Repeat exactly the lines of the records below, starting at the line containing "16 - August 5" and ending at the line containing "AI is Changing Healthcare Today". Leave the pictures out.

══ Entries provided

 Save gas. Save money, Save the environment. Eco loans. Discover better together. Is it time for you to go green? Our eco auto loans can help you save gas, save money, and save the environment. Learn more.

════
══ Entries provided

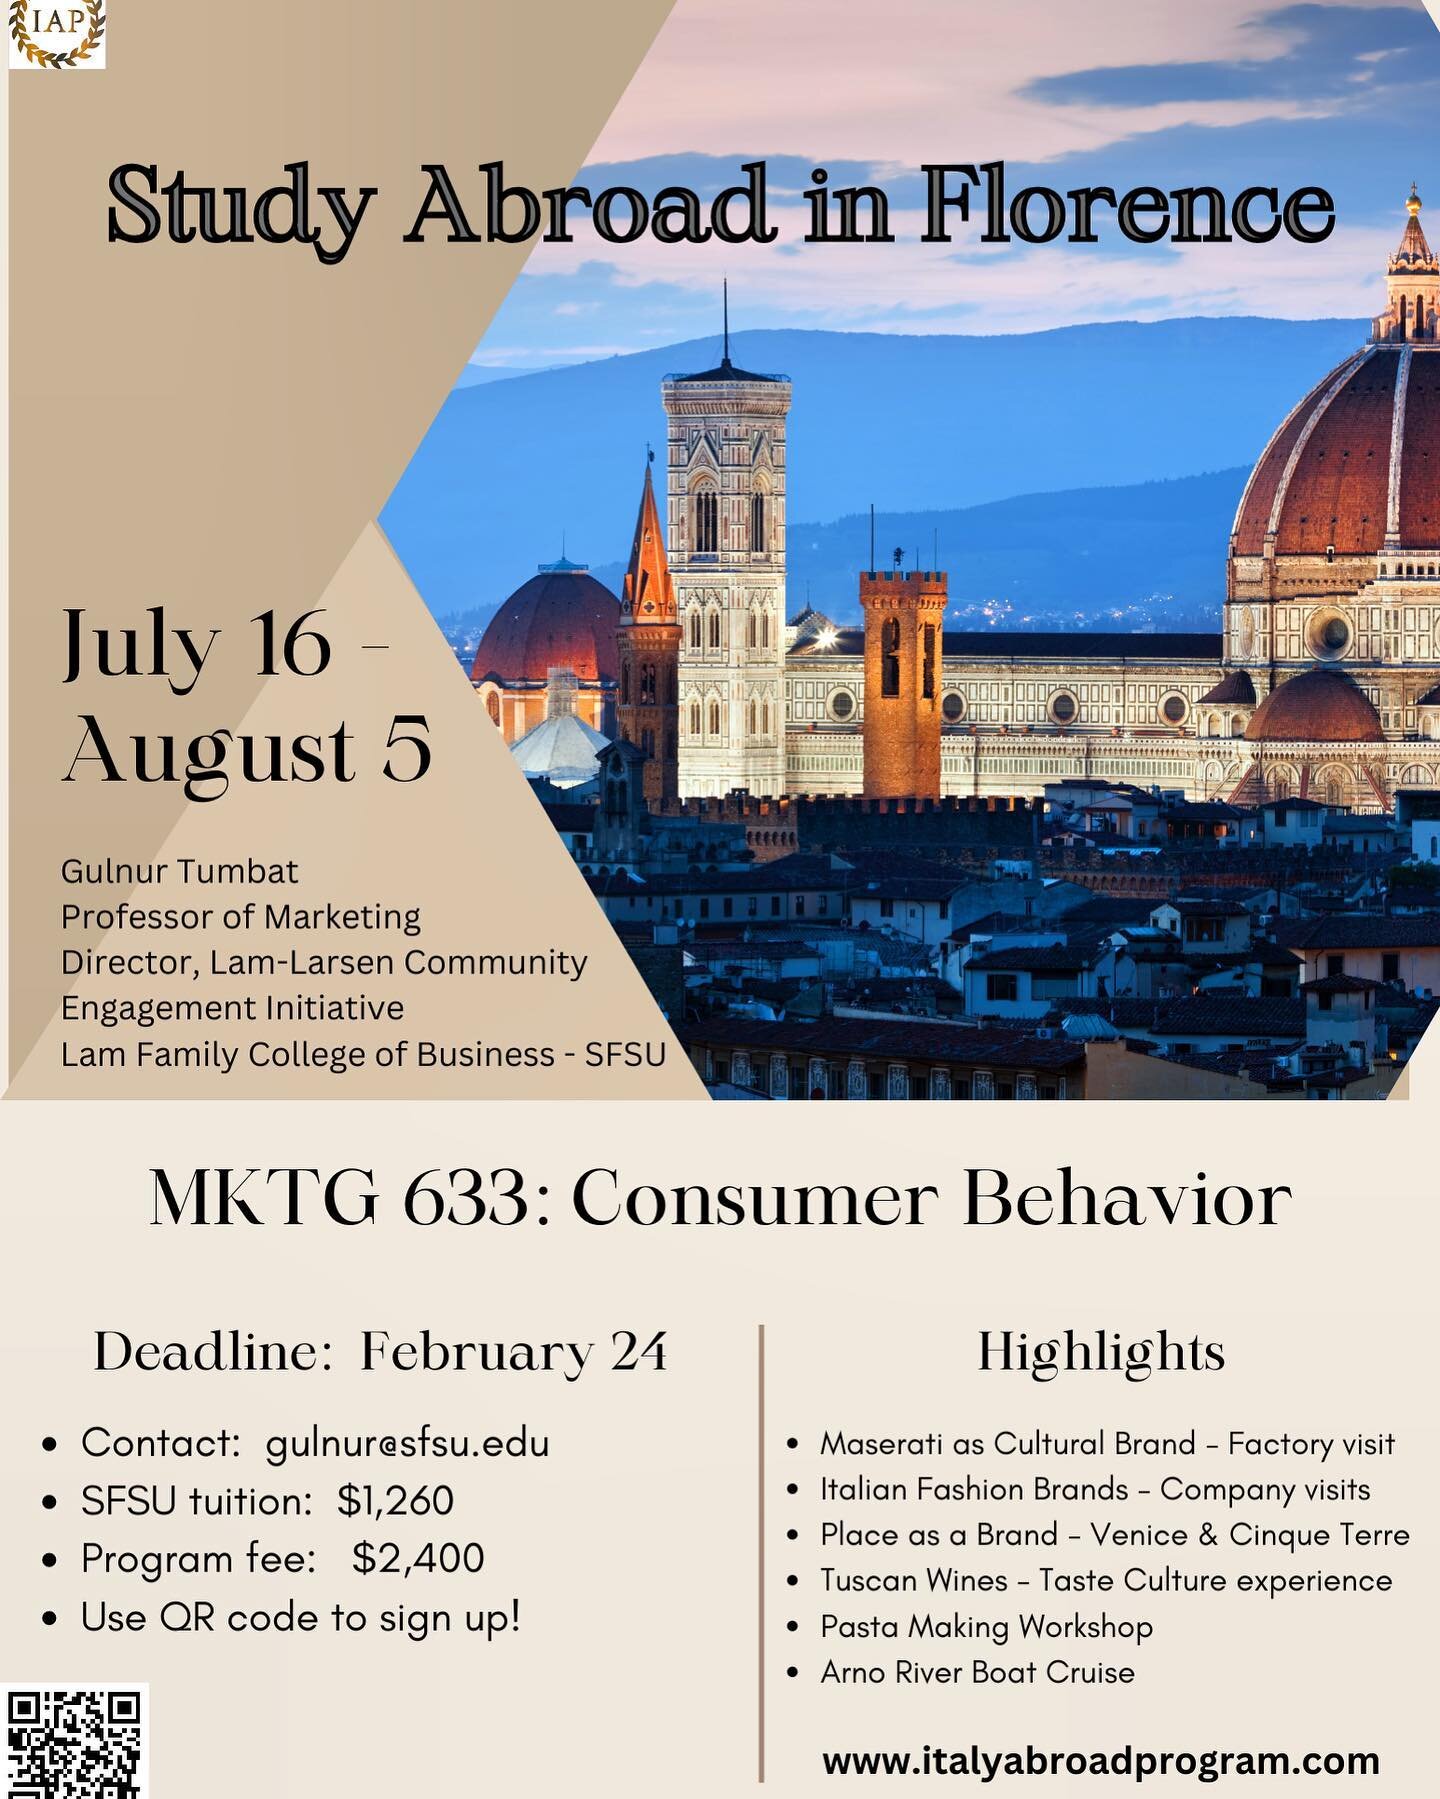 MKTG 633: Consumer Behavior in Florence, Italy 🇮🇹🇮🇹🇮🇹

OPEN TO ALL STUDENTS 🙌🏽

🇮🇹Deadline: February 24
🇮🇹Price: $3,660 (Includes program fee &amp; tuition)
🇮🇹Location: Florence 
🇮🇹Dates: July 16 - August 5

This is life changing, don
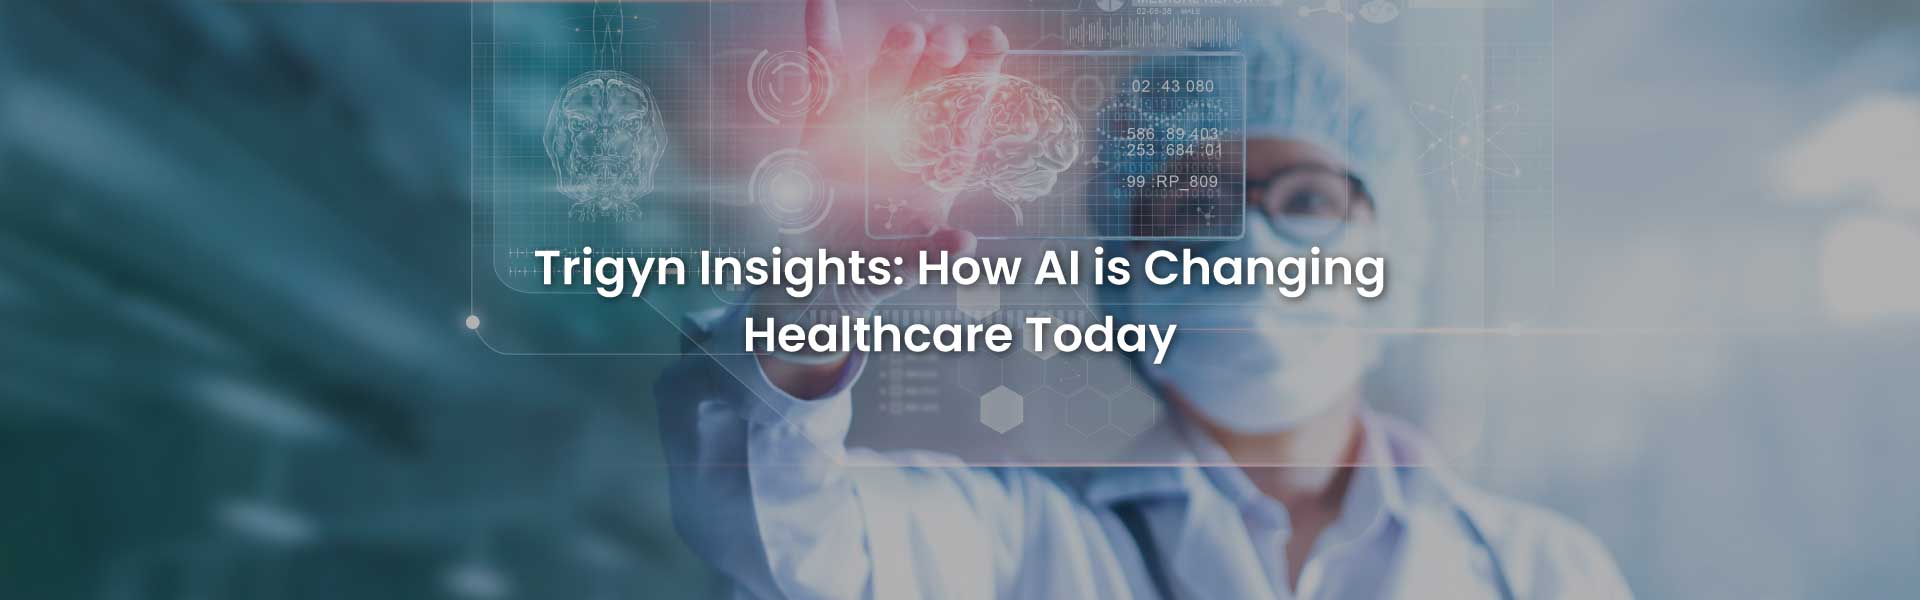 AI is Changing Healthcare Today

════
══ Entries provided

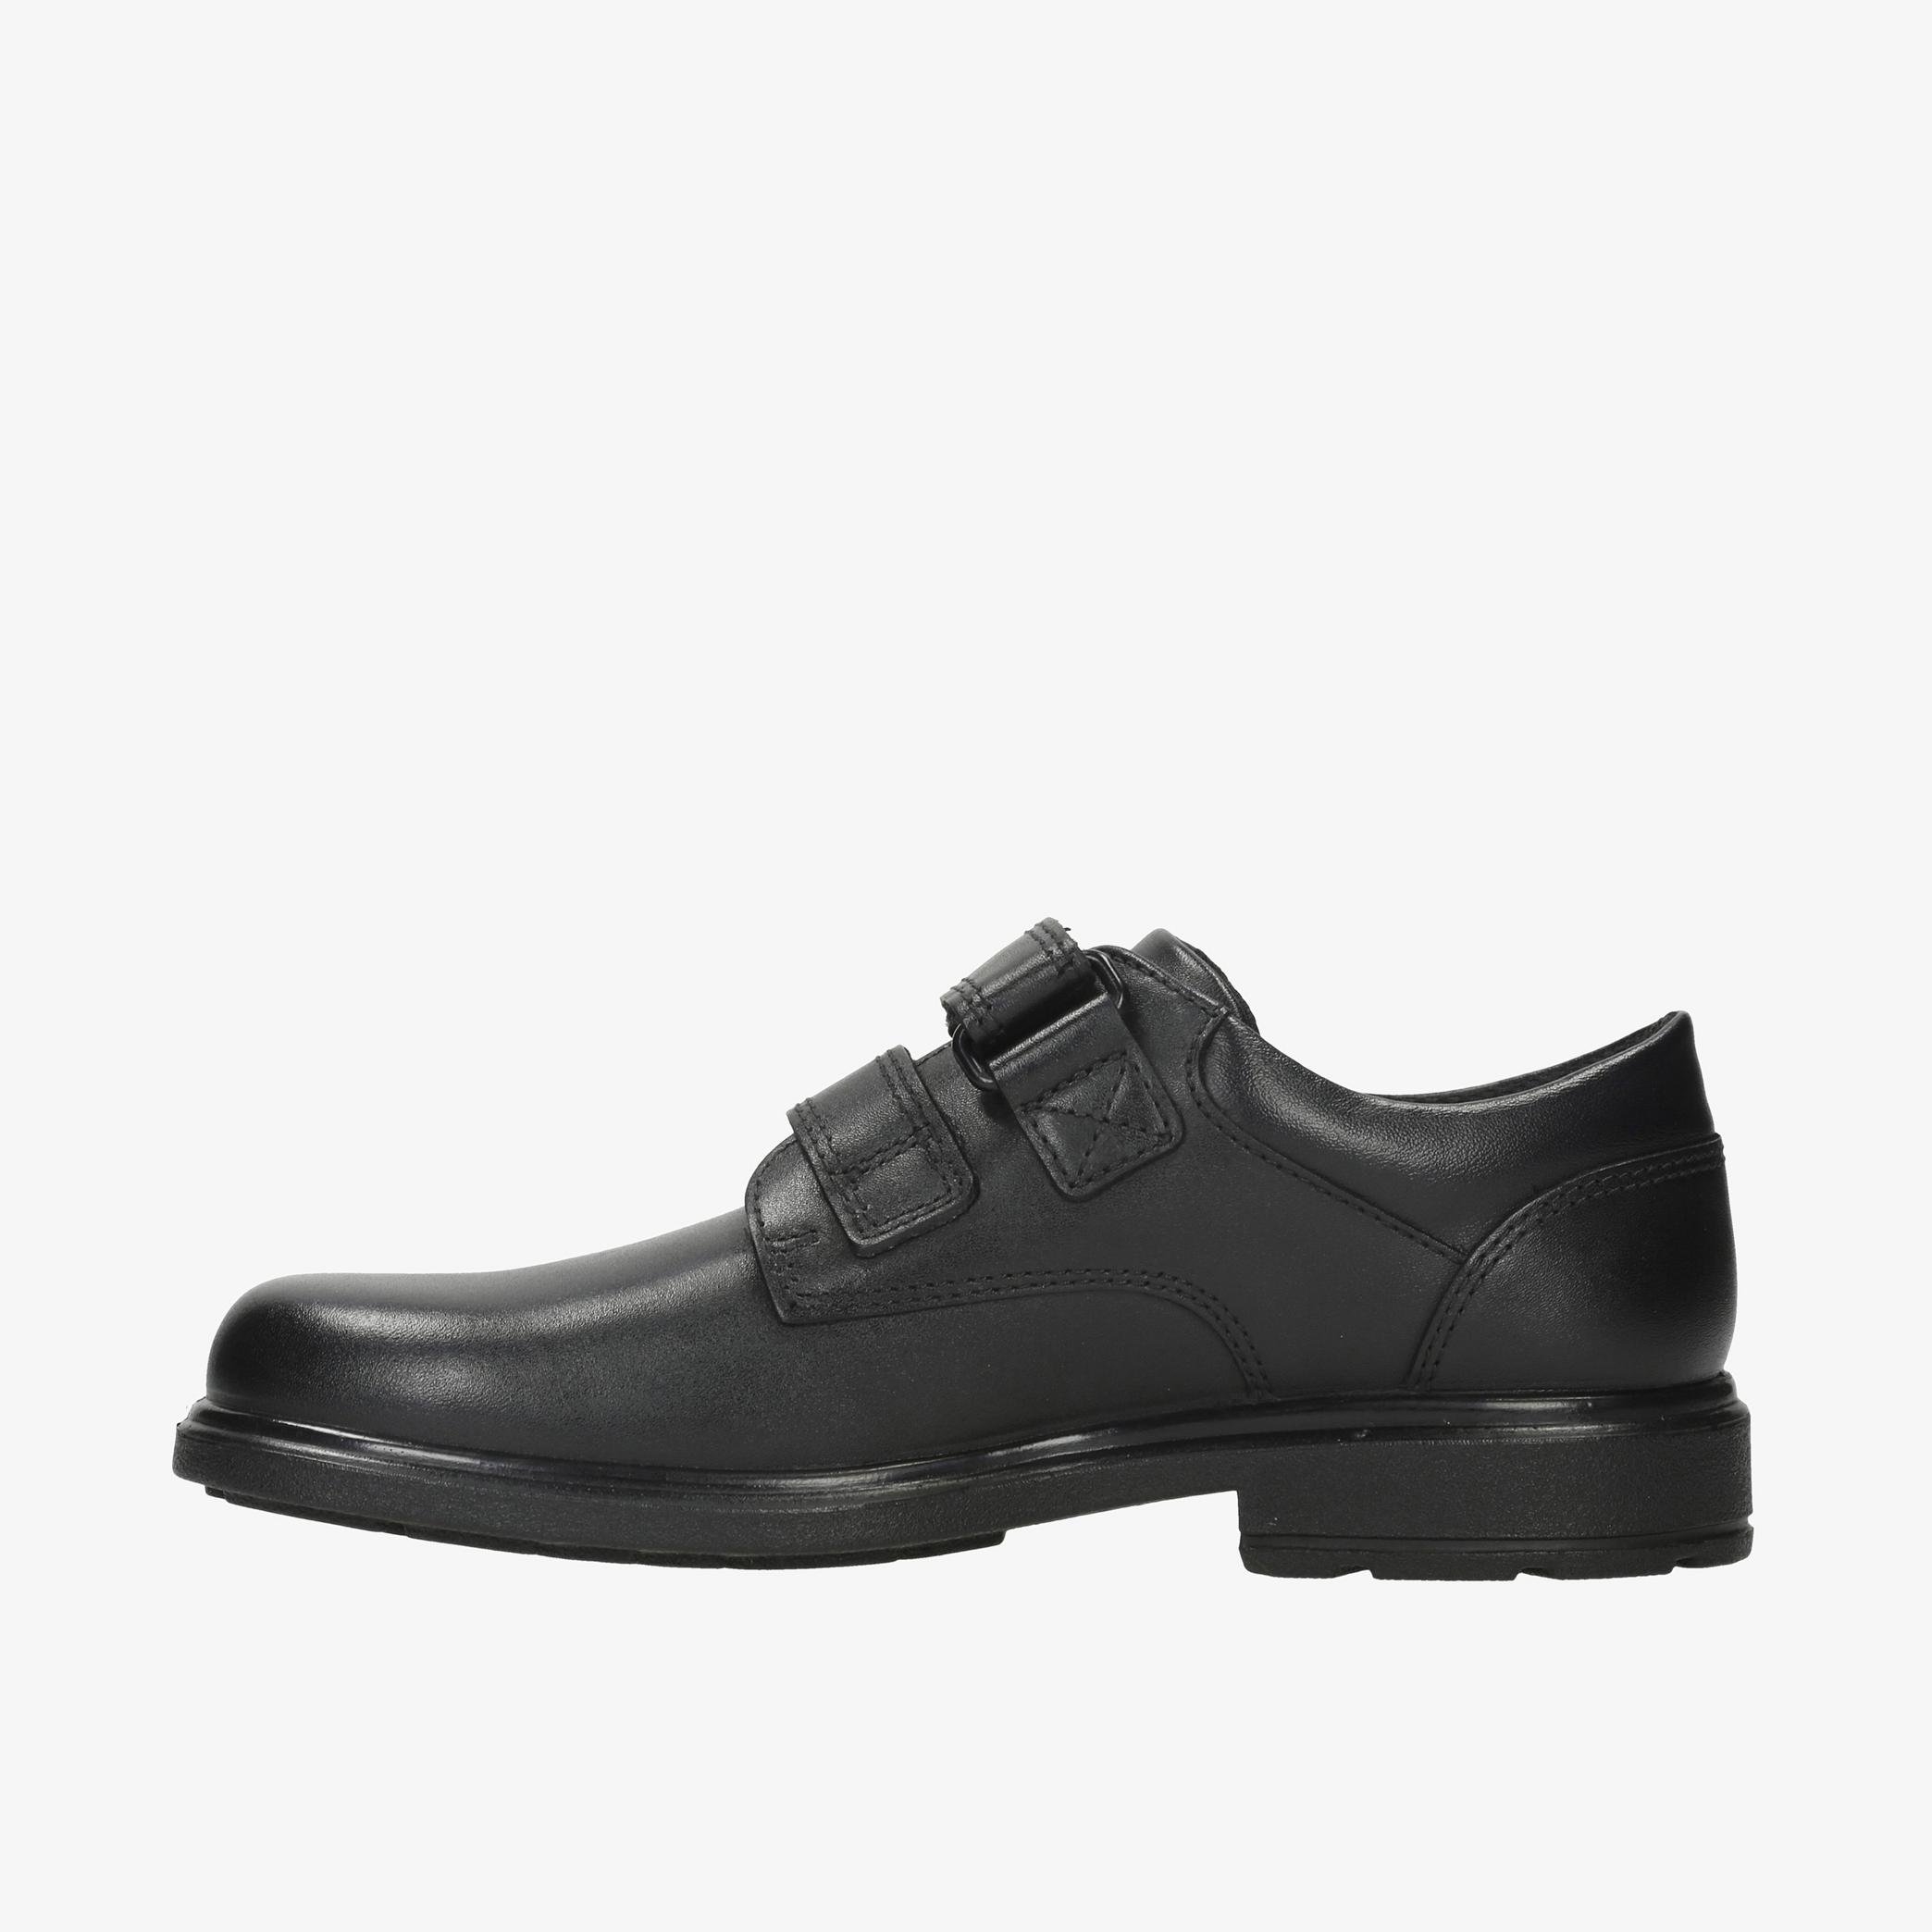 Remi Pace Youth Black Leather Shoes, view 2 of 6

════

-- Task output --
🇮🇹Dates: July 16 - August 5

This is life changing, don
 AI is Changing Healthcare Today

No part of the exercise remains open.